FERDY SAMBO
DALAM PERKARA PIDANA NO. 796/PID.B/2022/PN JKT.SEL
PENGADILAN NEGERI JAKARTA SELATAN
Pada awal kesempatan ini perkenankan saya lebih dulu menyampaikan puji dan
syukur yang tidak berbatas atas kebesaran dan berkat Tuhan Allah yang Maha
Kuasa, Tuhan Maha Pengasih, atas perlindungan, perawatan dan nafas
kehidupan bagi saya, istri, dan anak-anak dimasa sulit yang sedang kami hadapi
saat ini.
Saya juga mengucapkan terima kasih kepada Yang Mulia Majelis Hakim,
Penasihat Hukum dan Jaksa Penuntut Umum yang dengan penuh kesabaran dan
ketelitian telah memeriksa perkara ini, semata-mata untuk menggali dan
menemukan kebenaran materiil yang begitu penting untuk menentukan
keputusan yang adil bagi semua pihak, tidak terkecuali bagi saya selaku
terdakwa.
Nota pembelaan ini awalnya hendak saya beri judul: “Pembelaan yang Sia-Sia”
karena di tengah hinaan, caci-maki, olok-olok serta tekanan luar biasa dari semua
pihak terhadap saya dan keluarga dalam menjalani pemeriksaan dan
persidangan perkara ini, acapkali membawa saya dalam keputusasaan dan rasa
frustasi.
Berbagai tuduhan bahkan vonis telah dijatuhkan kepada saya sebelum adanya
putusan dari Majelis Hakim, rasanya tidak ada ruang sedikitpun untuk
menyampaikan pembelaan, bahkan sepotong katapun tidak pantas untuk
didengar apa lagi dipertimbangkan dari seorang terdakwa seperti saya.

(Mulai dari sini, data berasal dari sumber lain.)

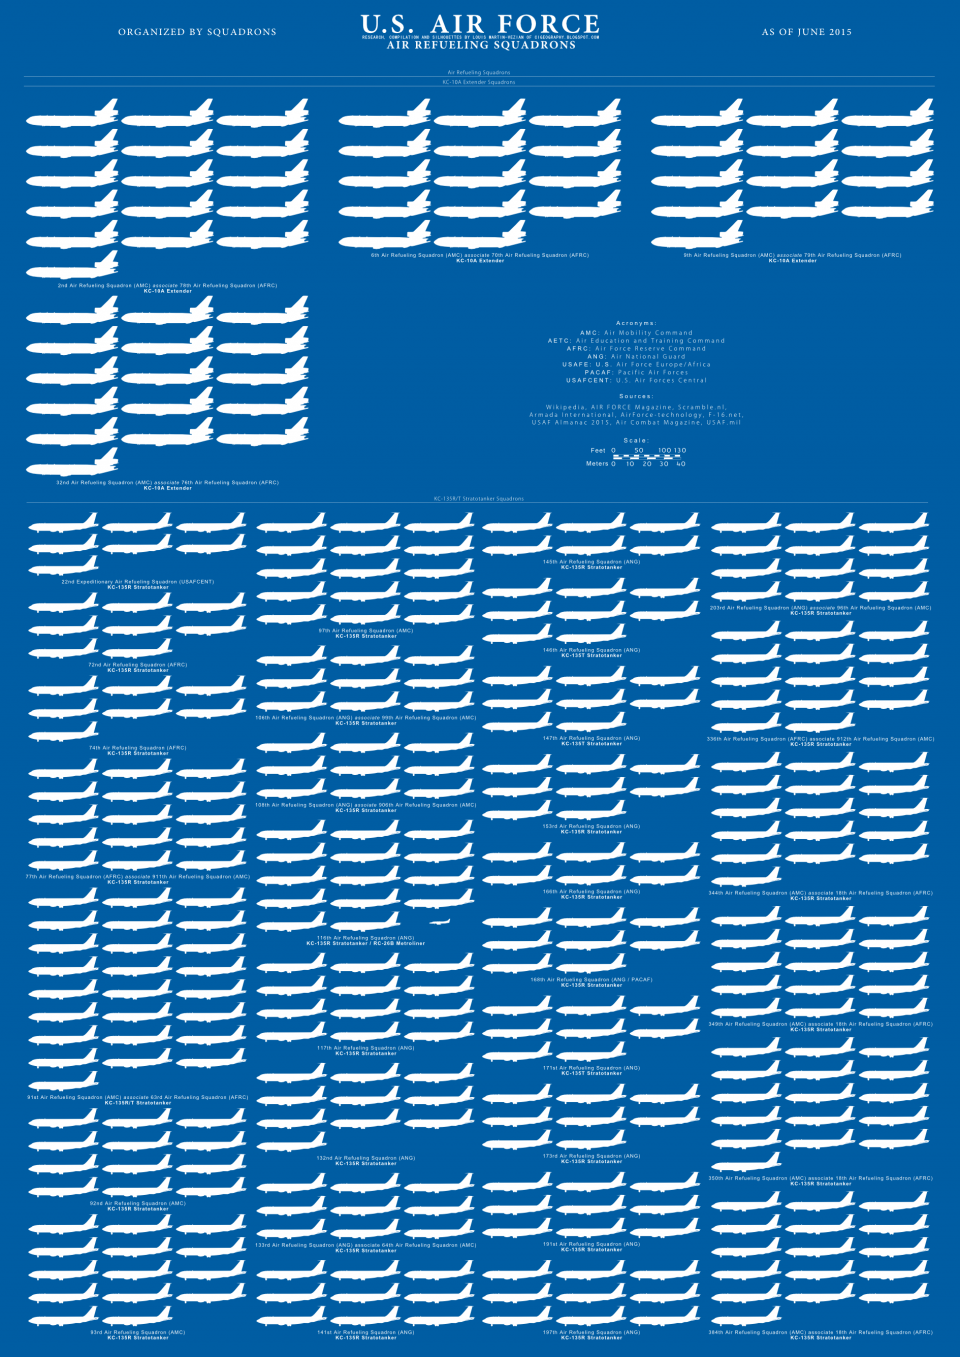 USAFs aerial refueling fleet

Selama 28 tahun saya bekerja sebagai aparat penegak hukum dan menangani
berbagai perkara kejahatan termasuk pembunuhan, belum pernah saya
menyaksikan tekanan yang begitu besar terhadap seorang terdakwa
sebagaimana yang saya alami hari ini.
1
Saya nyaris kehilangan hak sebagai seorang terdakwa untuk mendapatkan
pemeriksaan yang objektif, dianggap telah bersalah sejak awal pemeriksaan dan
haruslah dihukum berat tanpa perlu mempertimbangkan alasan apapun dari
saya sebagai terdakwa.
Media framing dan produksi hoax terhadap saya sebagai terdakwa dan keluarga
secara instens terus dilancarkan sepanjang pemeriksaan, berikut tekanan massa
baik di dalam maupun di luar persidangan yang kemudian telah mempengaruhi
persepsi publik, bahkan mungkin memengaruhi arah pemeriksaan perkara ini
mengikuti kemauan sebagian pihak, termasuk juga mereka yang mencari
popularitas dari perkara yang tengah saya hadapi.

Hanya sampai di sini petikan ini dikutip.